= Entries provided =
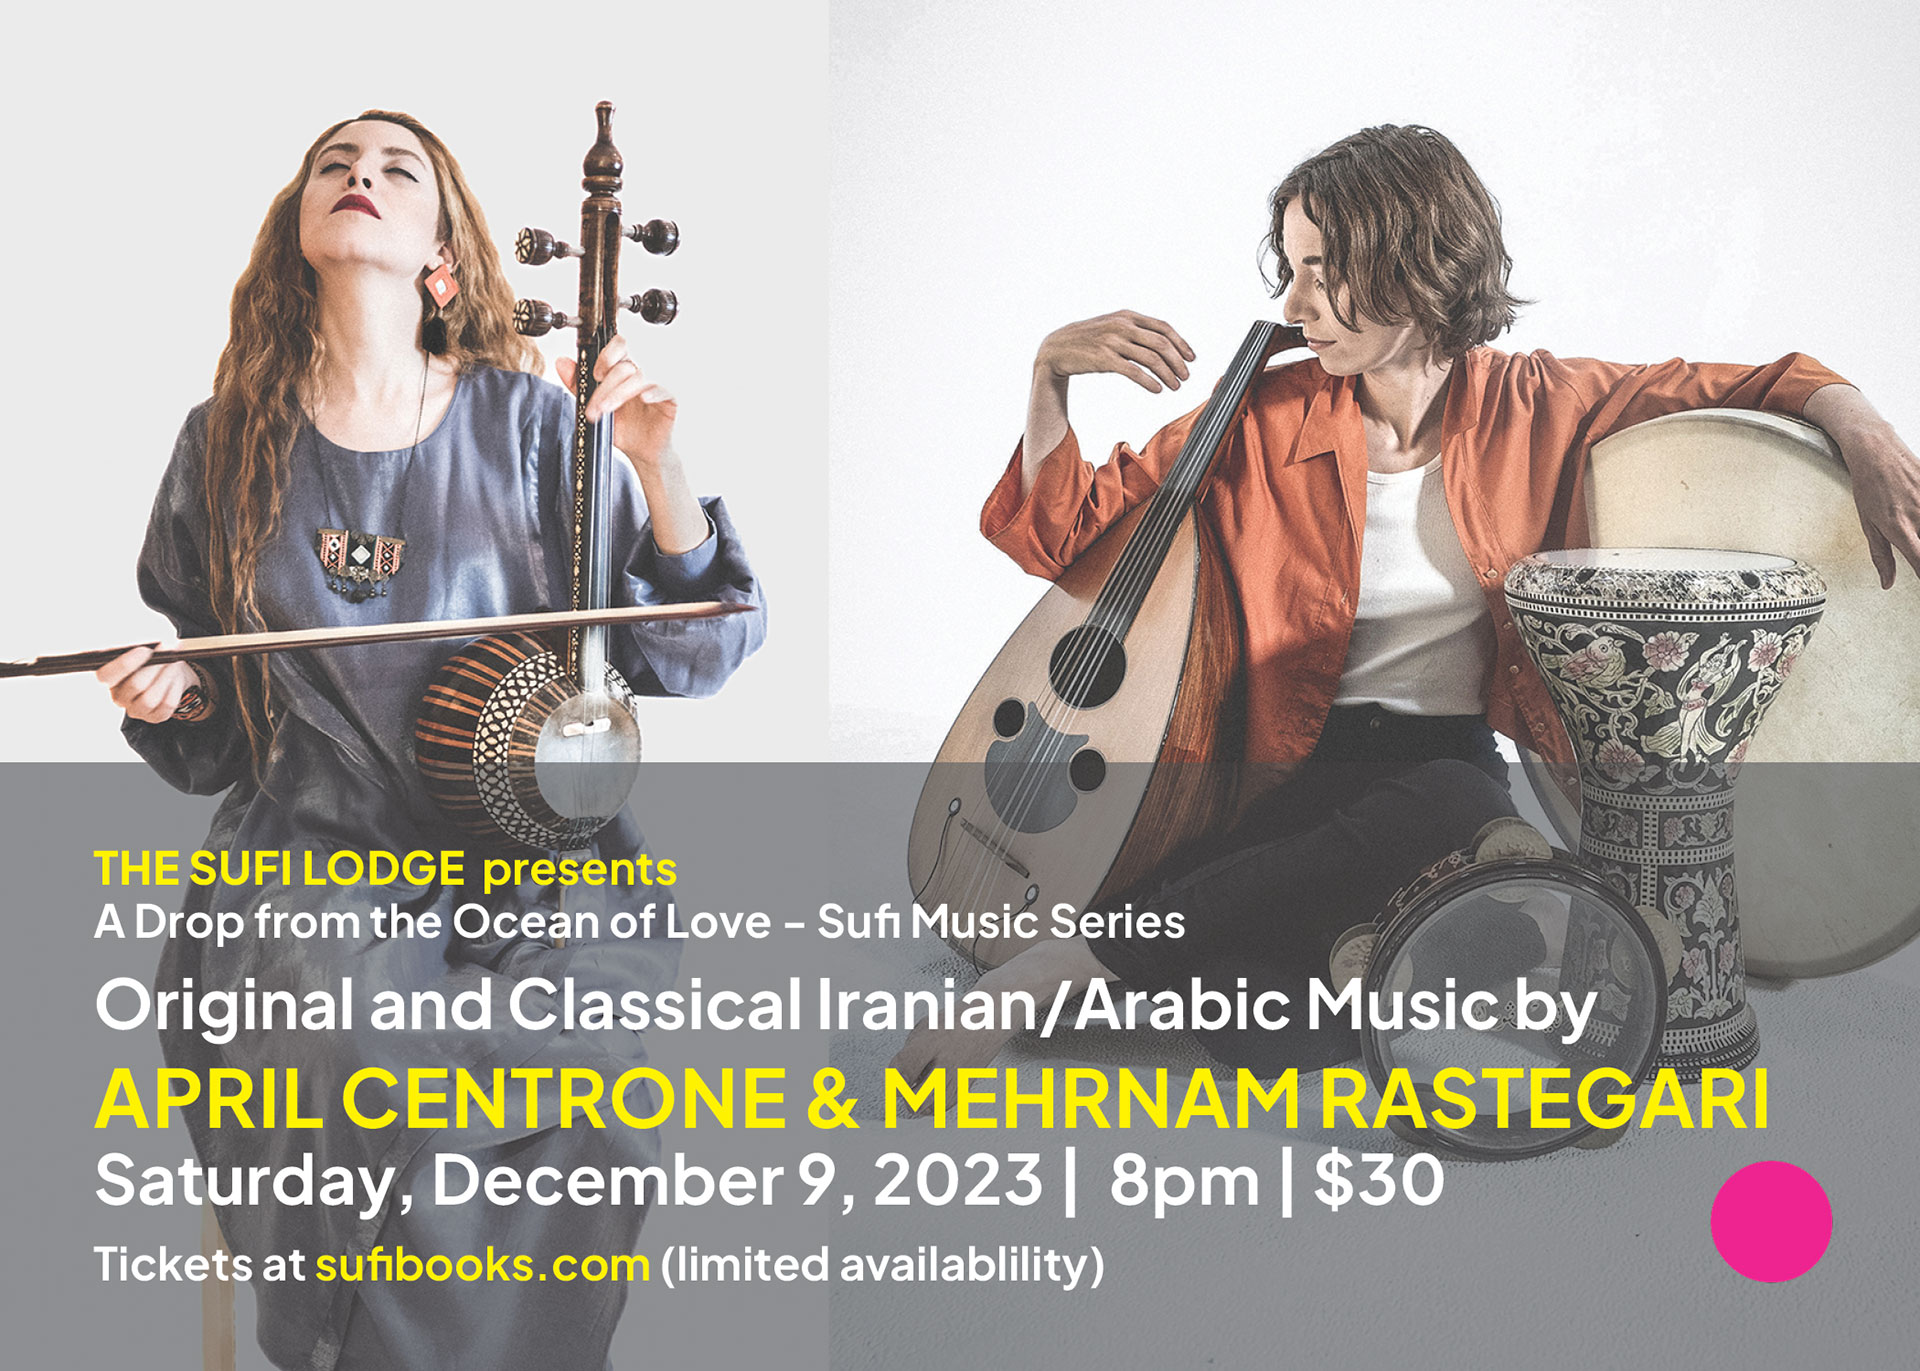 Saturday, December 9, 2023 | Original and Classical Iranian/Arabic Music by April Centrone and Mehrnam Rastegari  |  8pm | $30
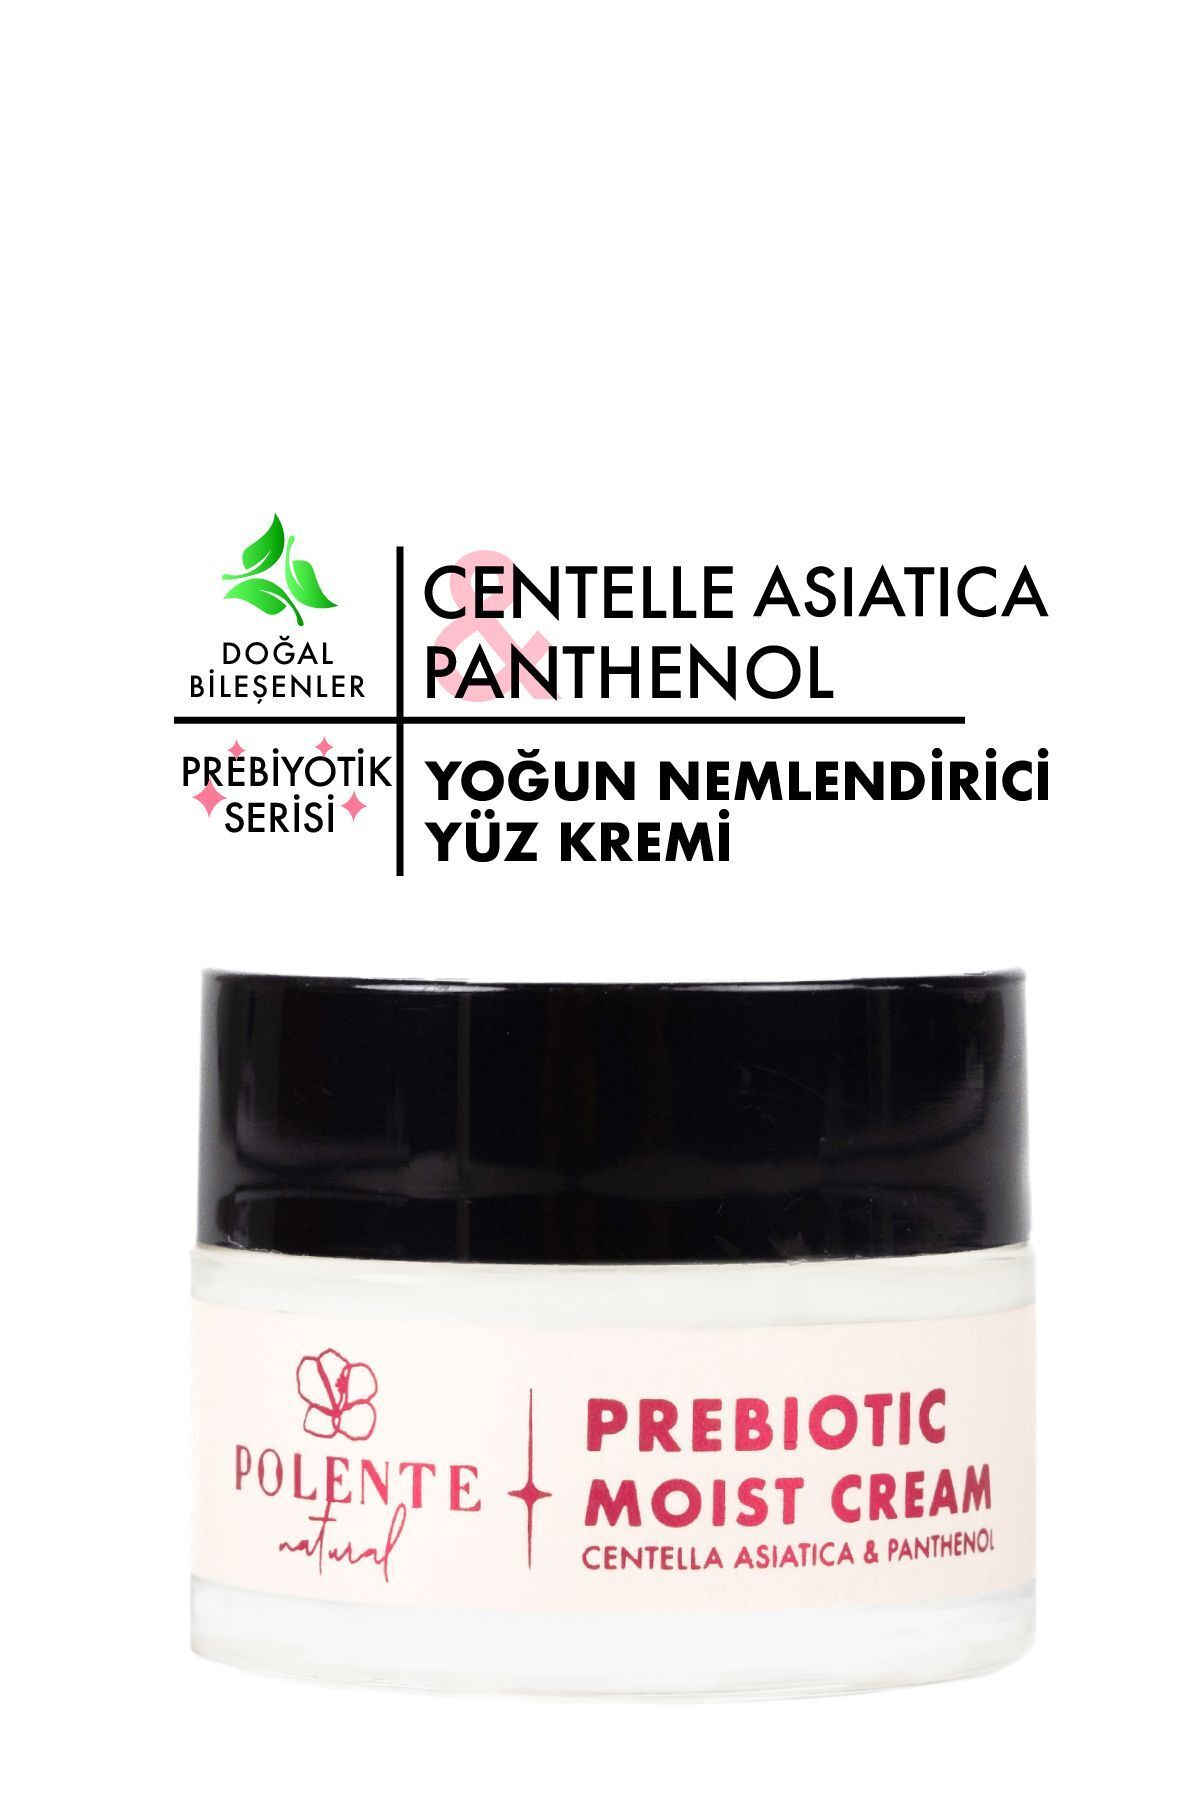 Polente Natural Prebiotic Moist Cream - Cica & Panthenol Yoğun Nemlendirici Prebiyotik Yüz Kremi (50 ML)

==

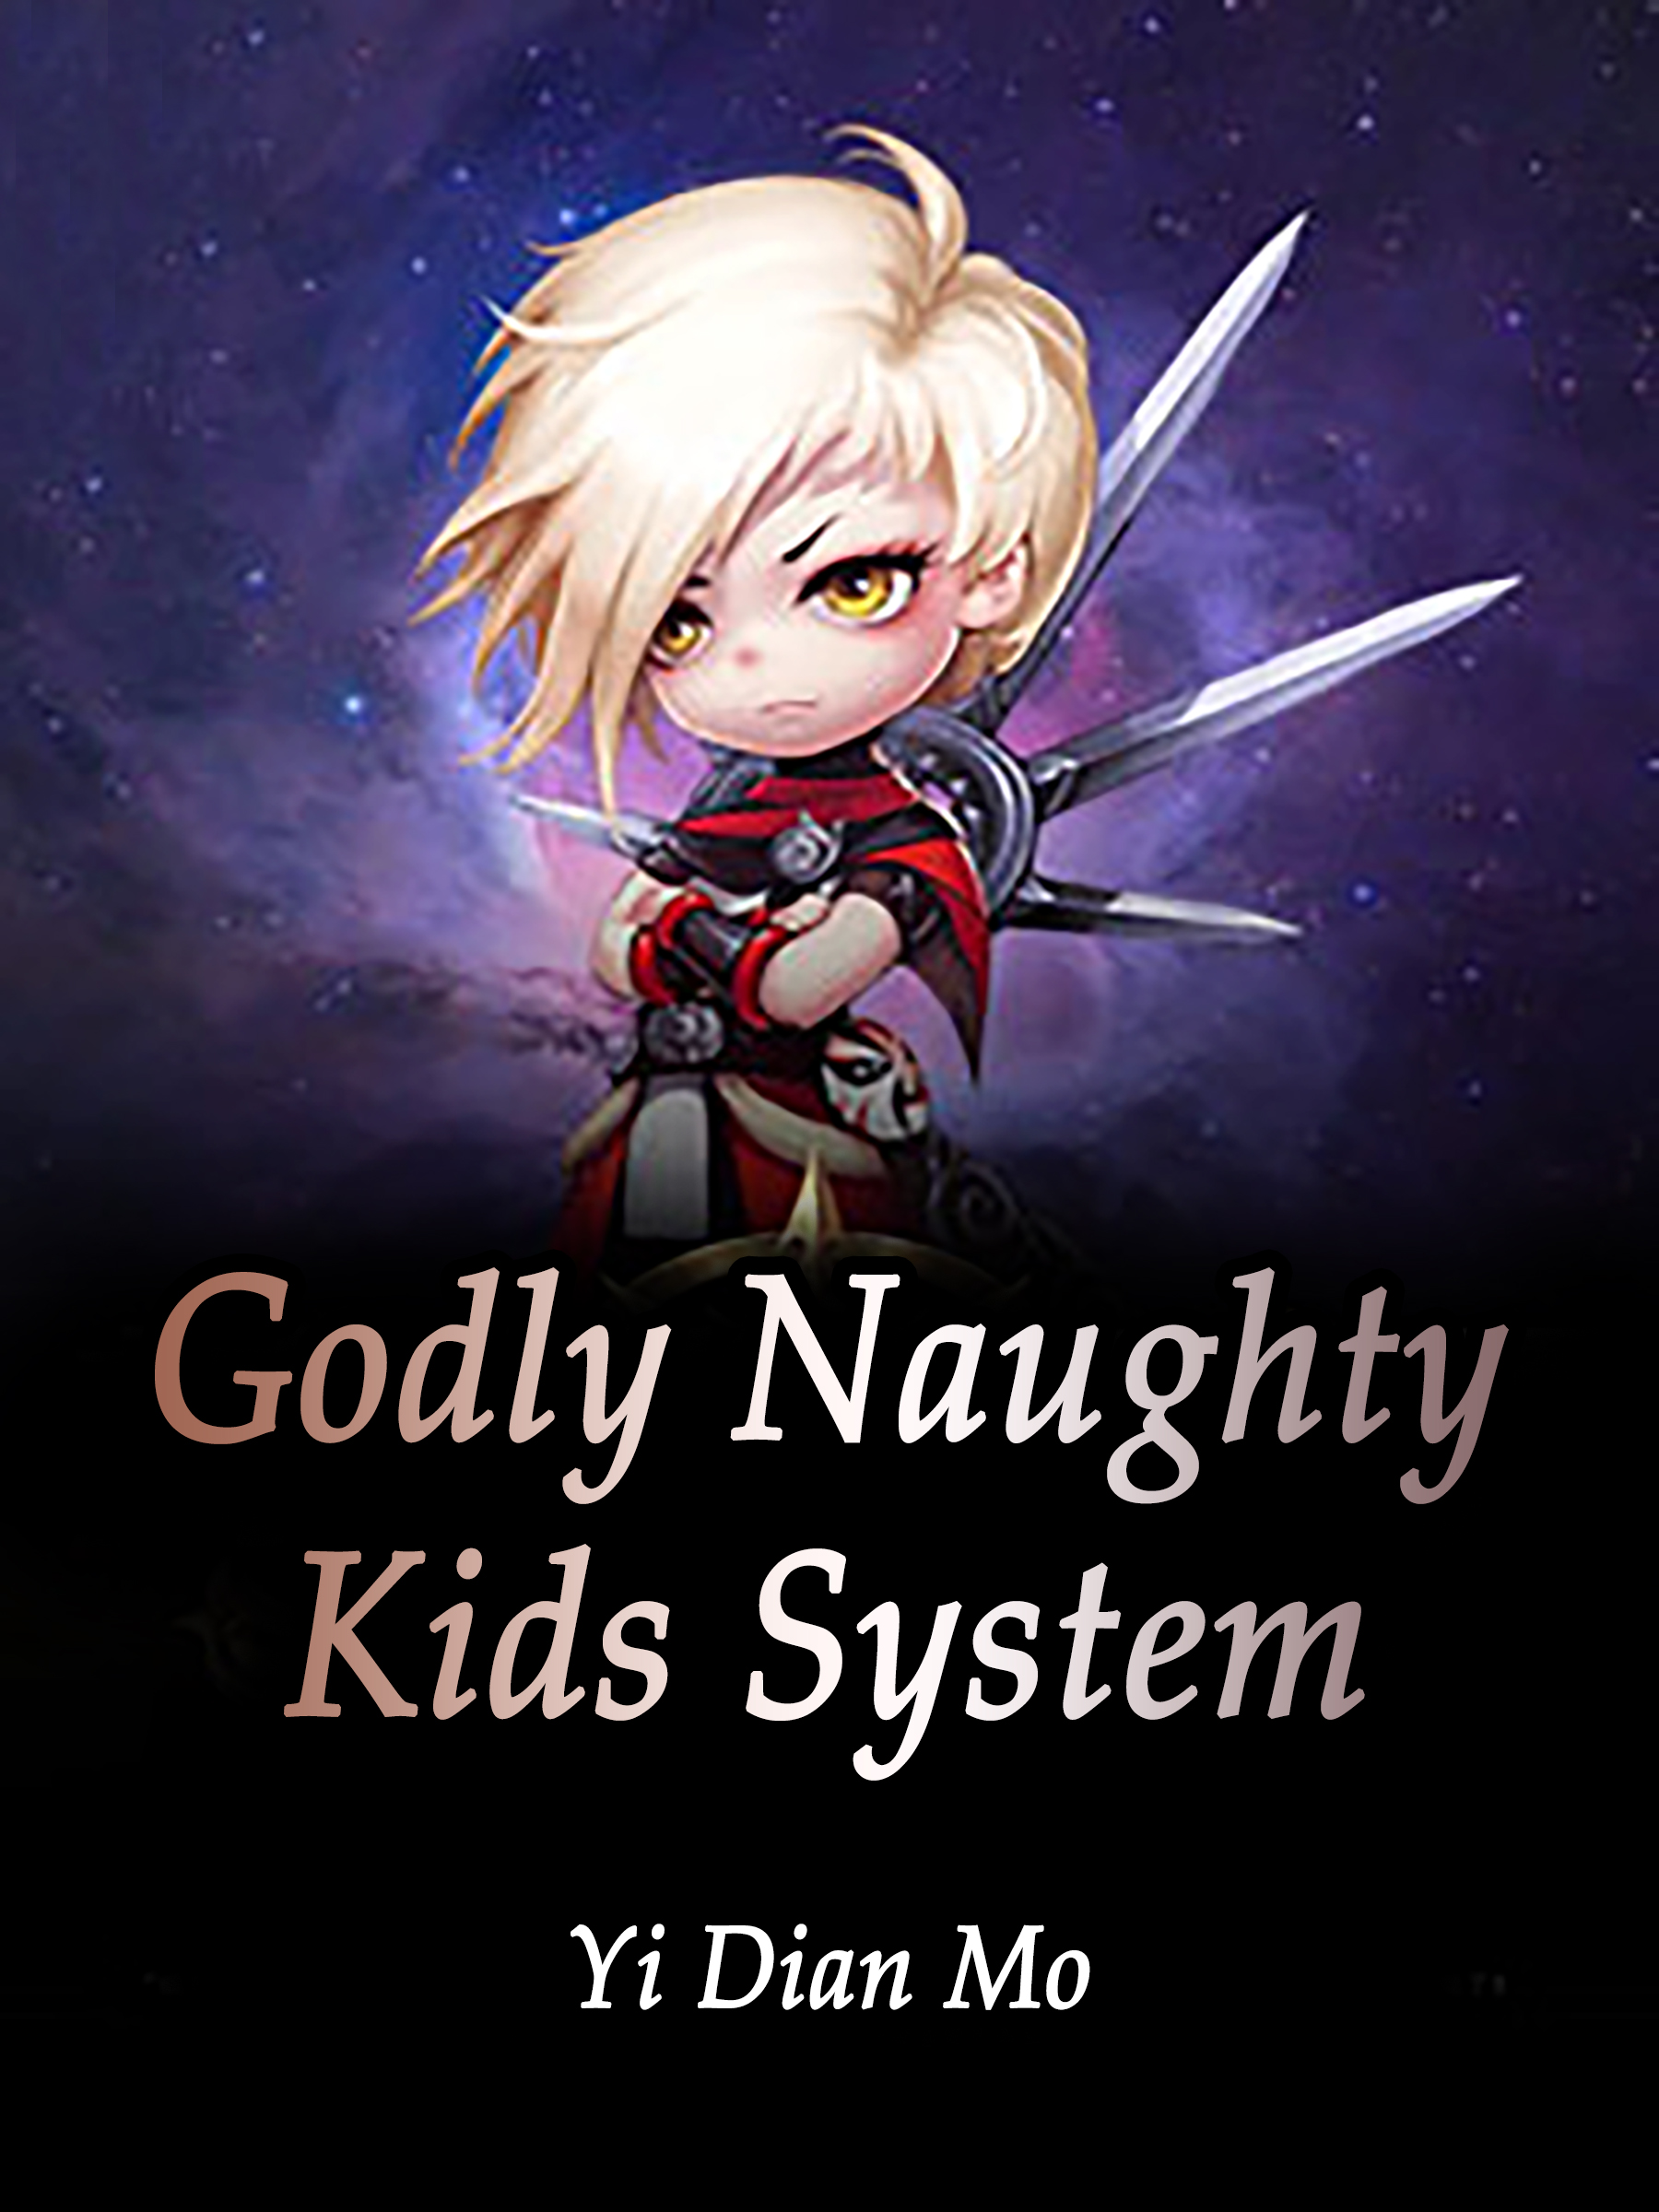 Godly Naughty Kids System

= Assigned task =
What's needed is an exact copy of the records above from the line containing "Saturday, December 9, 2023" down to the line containing "Polente Natural Prebiotic", both included, without any pictures.

= Solution =
 Saturday, December 9, 2023 | Original and Classical Iranian/Arabic Music by April Centrone and Mehrnam Rastegari  |  8pm | $30
 Polente Natural Prebiotic Moist Cream - Cica & Panthenol Yoğun Nemlendirici Prebiyotik Yüz Kremi (50 ML)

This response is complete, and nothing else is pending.